- The data:

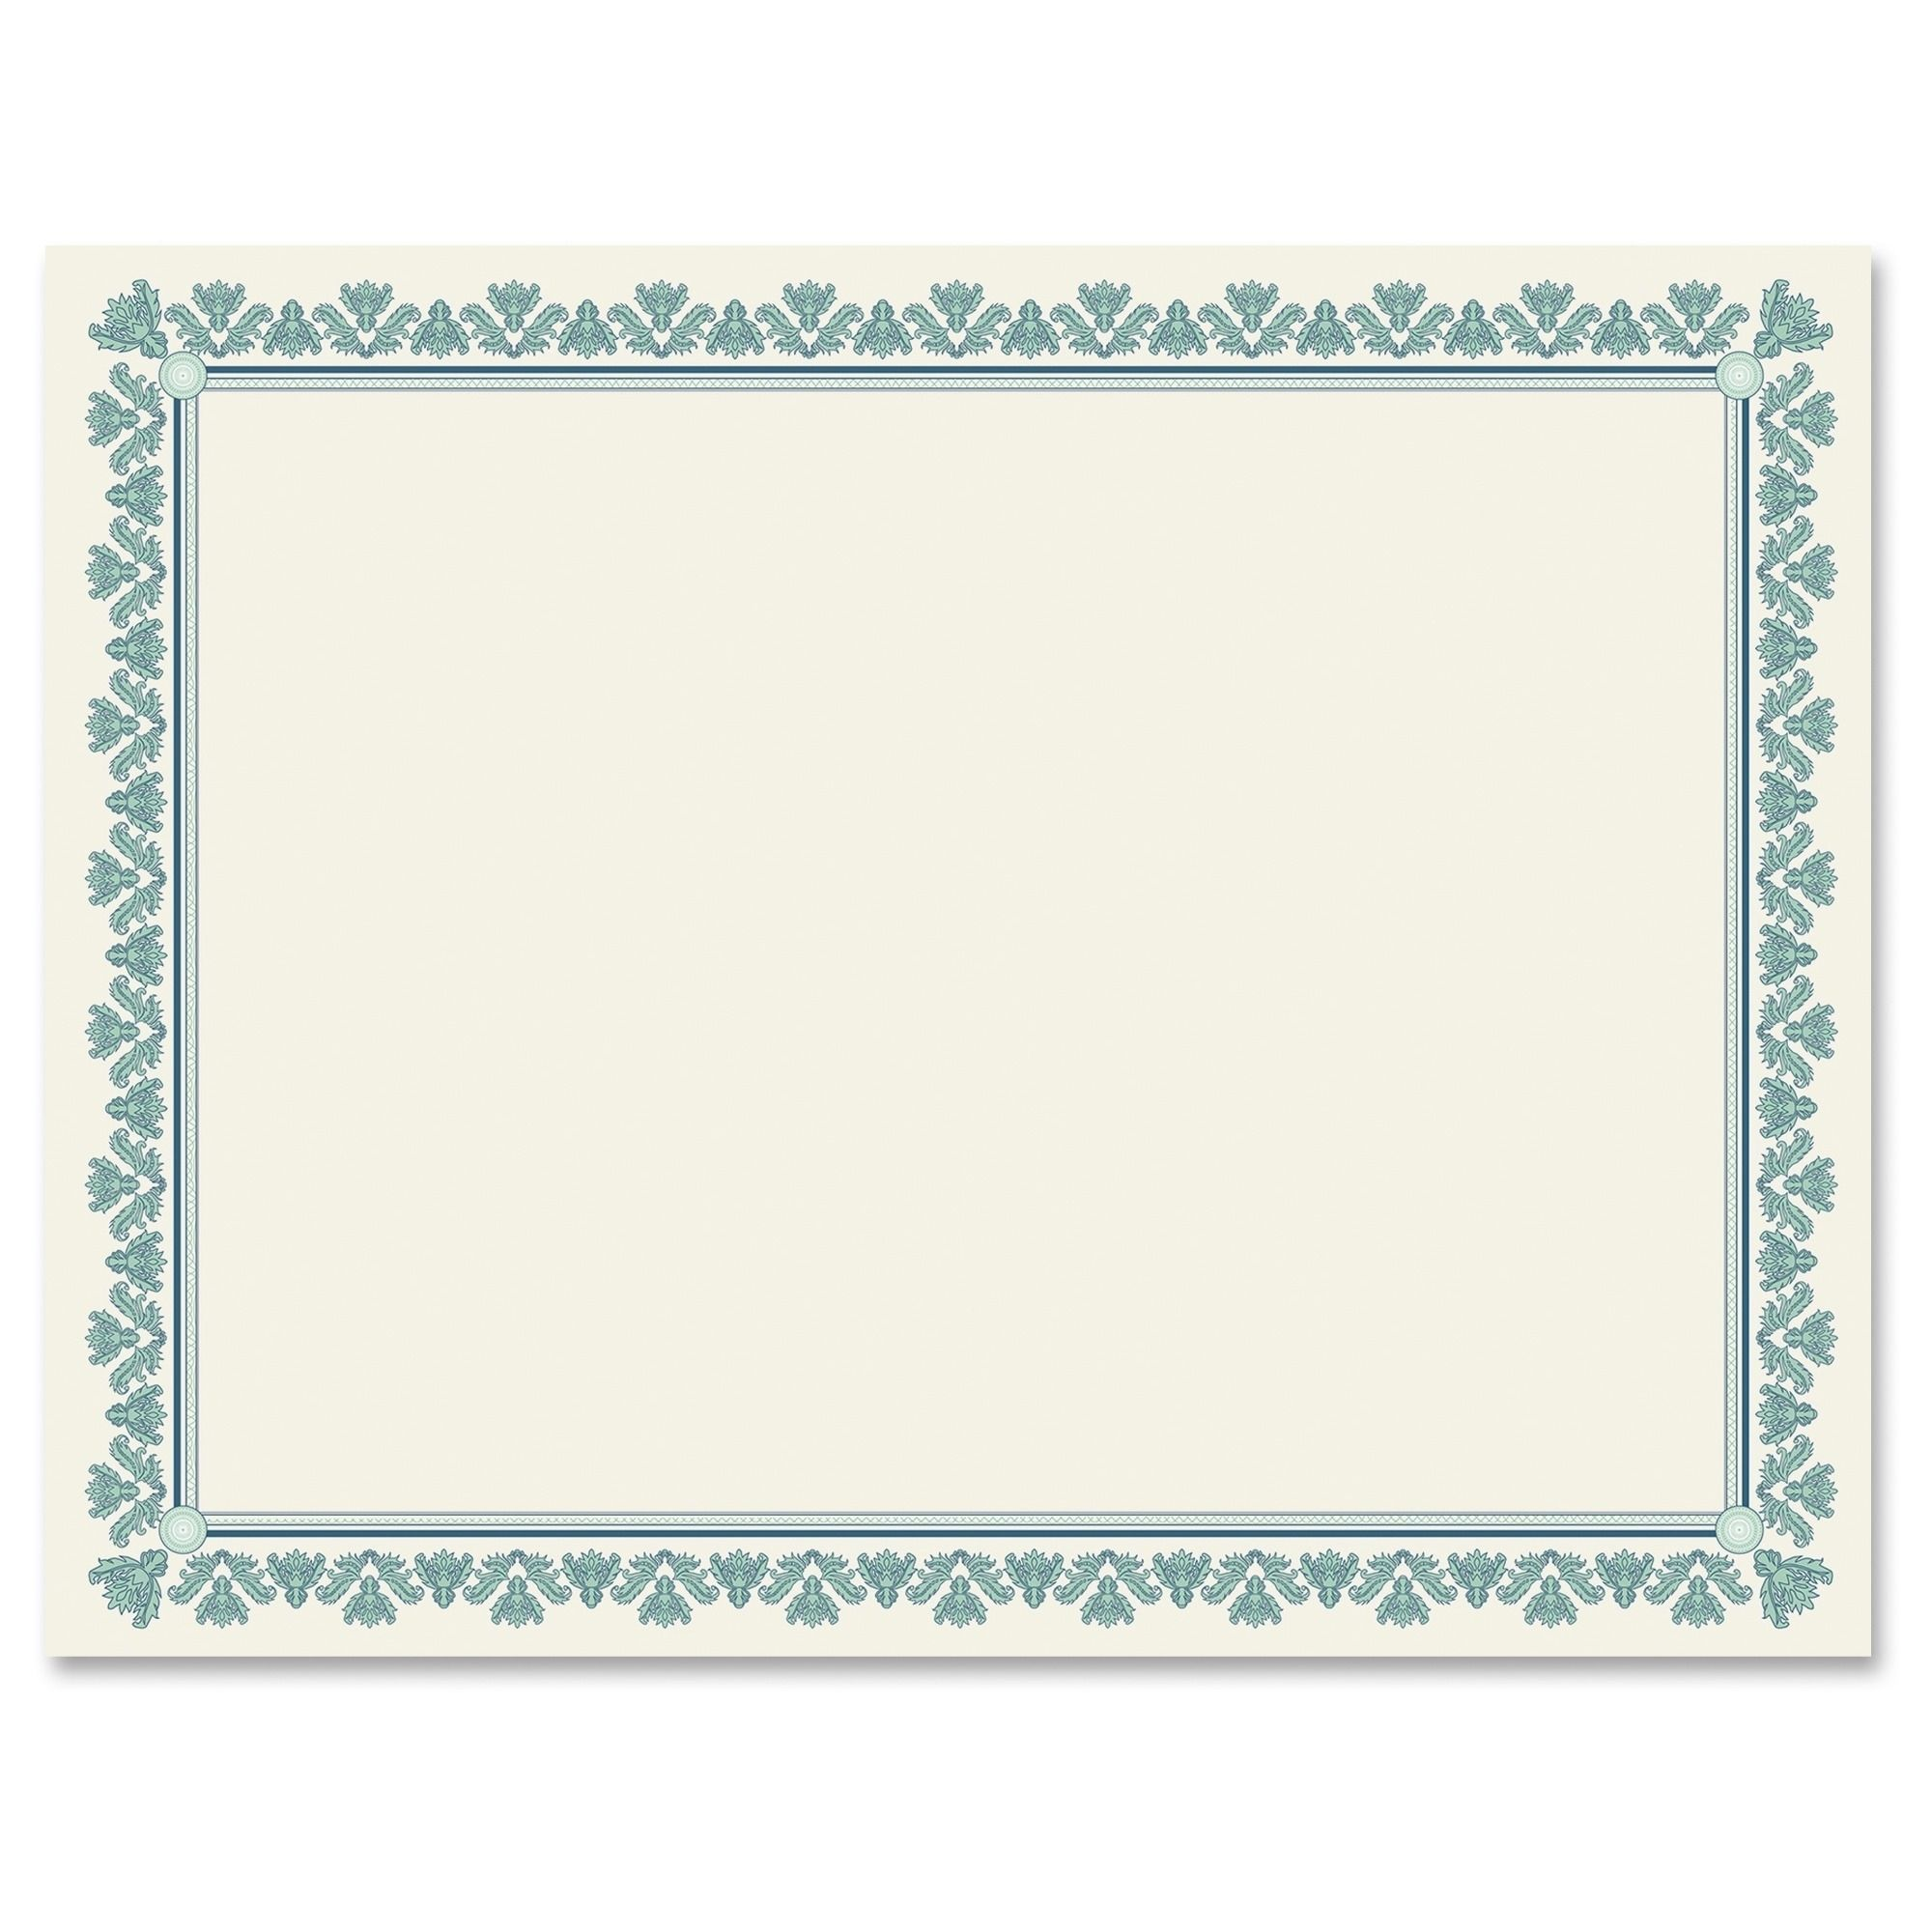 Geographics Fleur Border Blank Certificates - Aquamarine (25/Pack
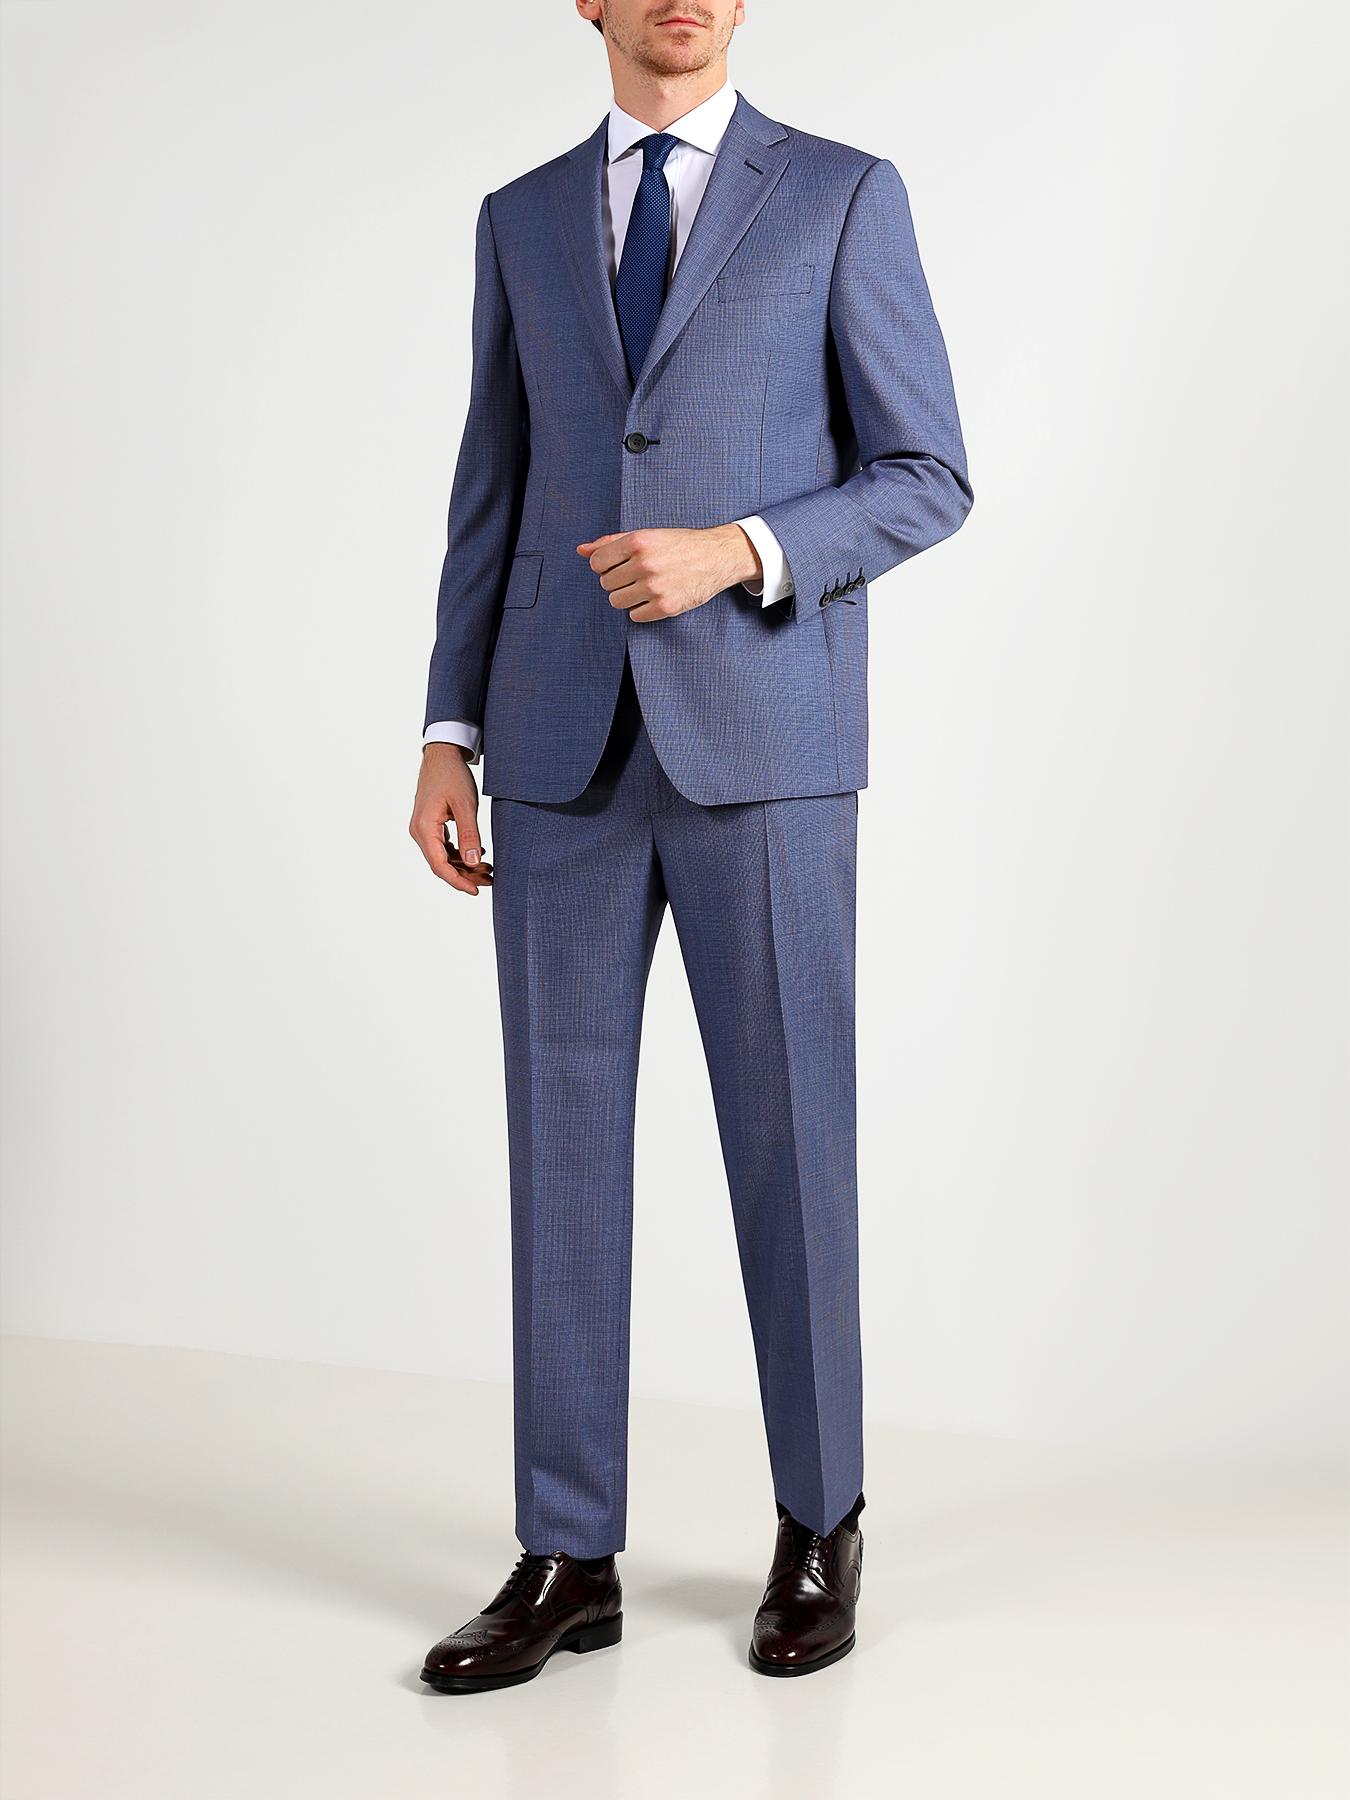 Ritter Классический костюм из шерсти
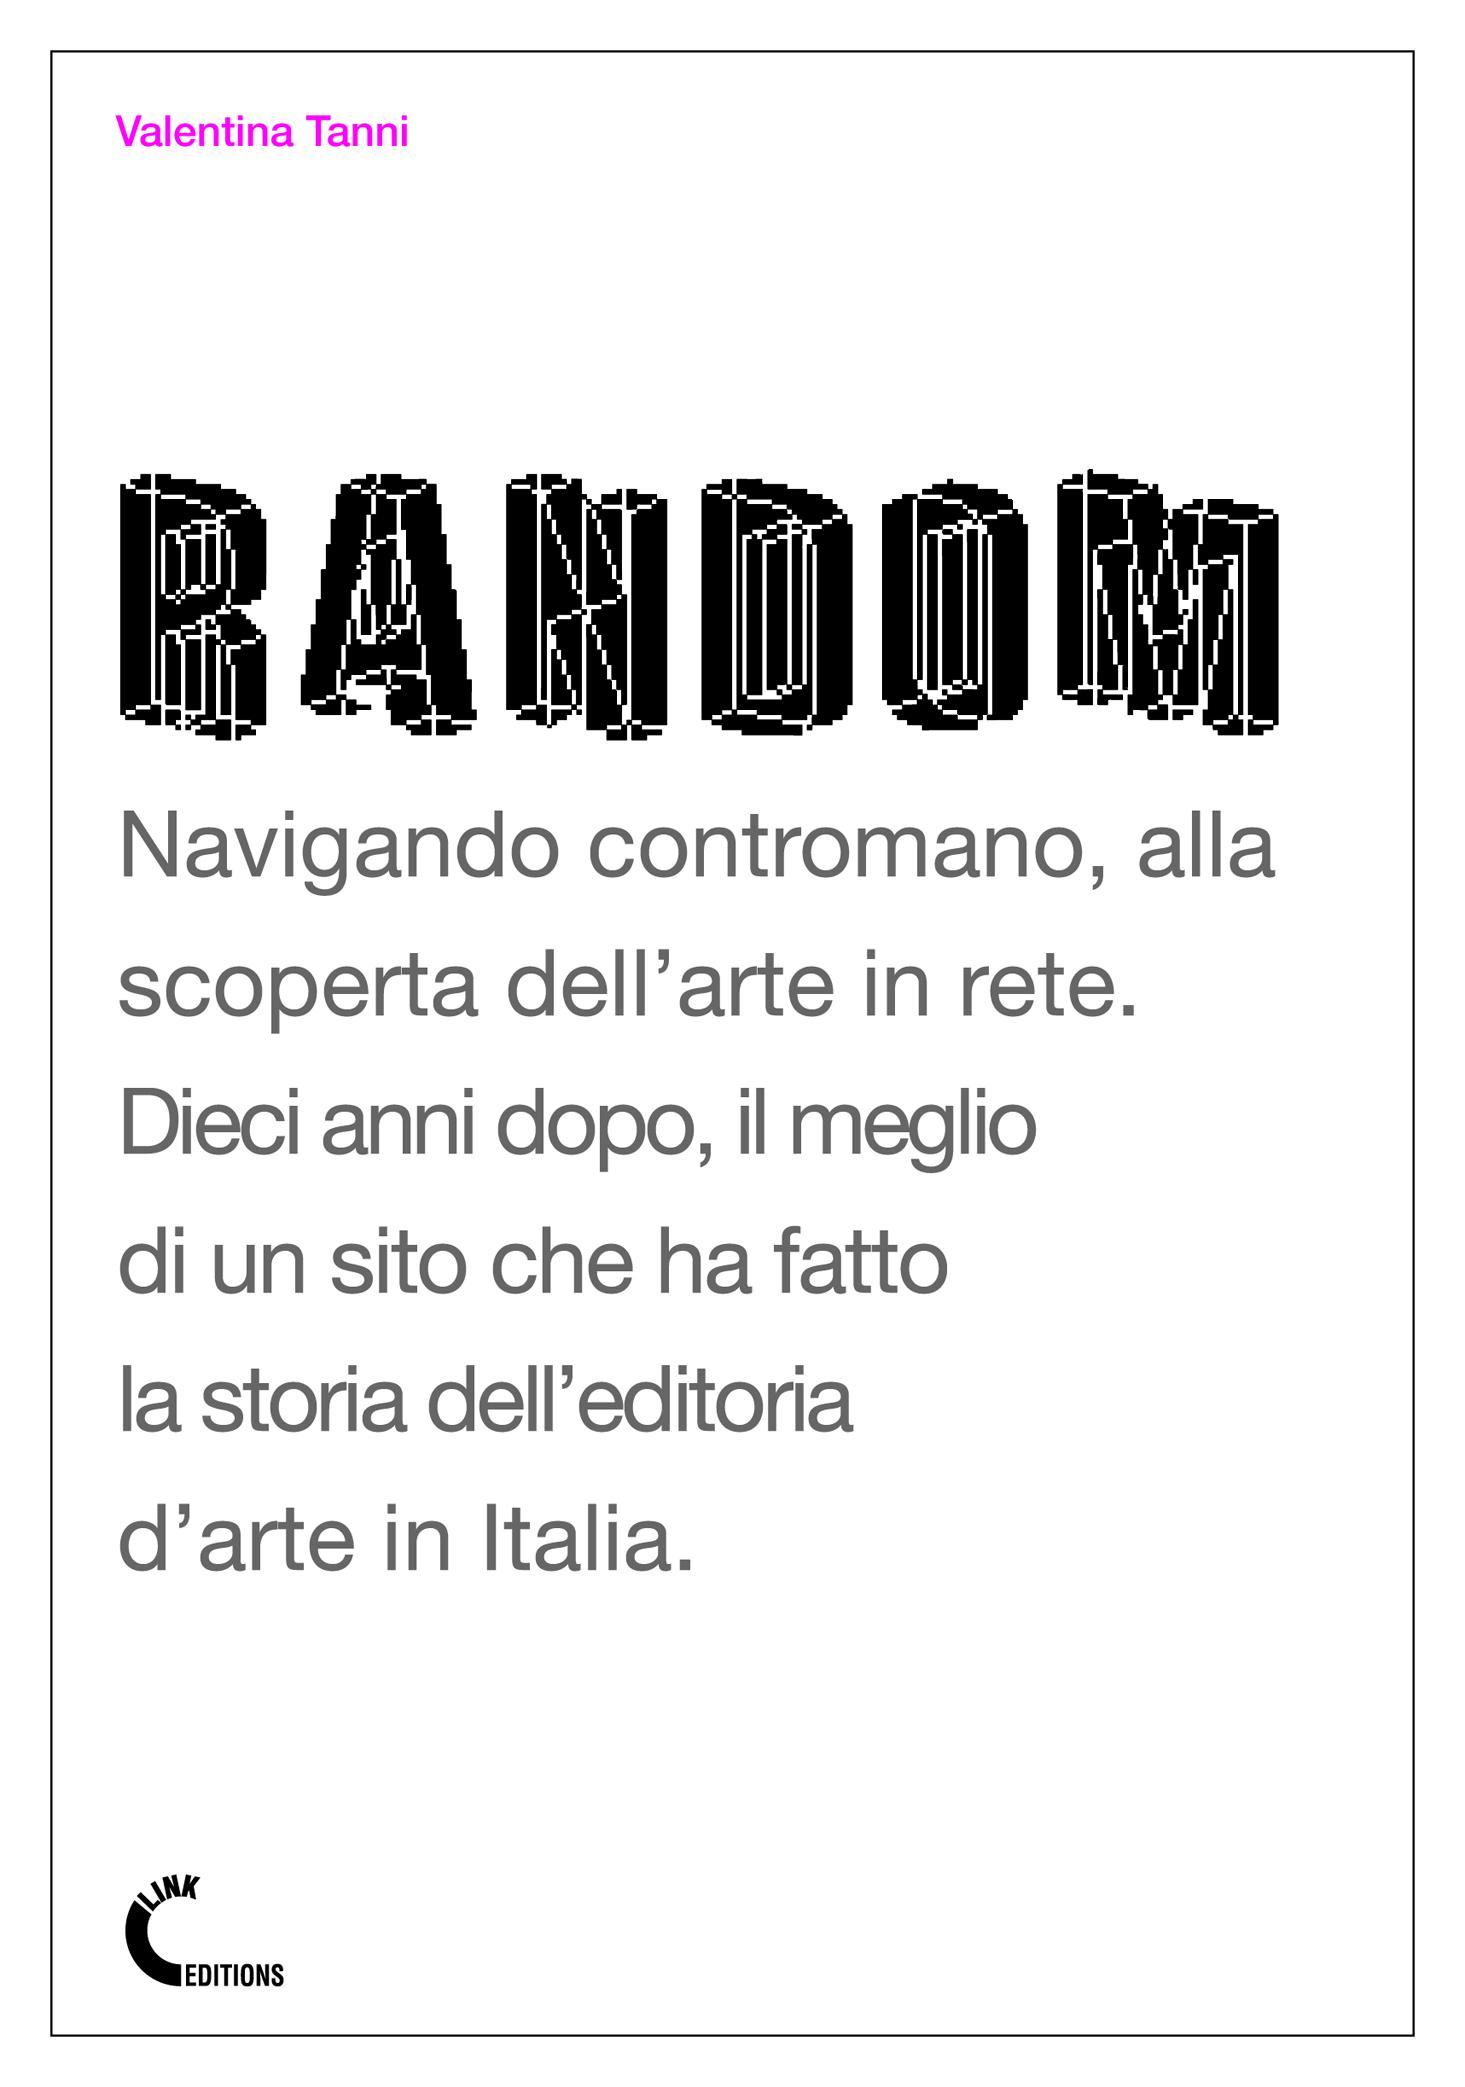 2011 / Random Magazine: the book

- Exercise requirements: Transcribe exactly the line containing "Ritter Классический костюм из шерсти" and every line after it through the end of the listing above; pictures are not part of the copy.

- The completed task:
 Ritter Классический костюм из шерсти
 2011 / Random Magazine: the book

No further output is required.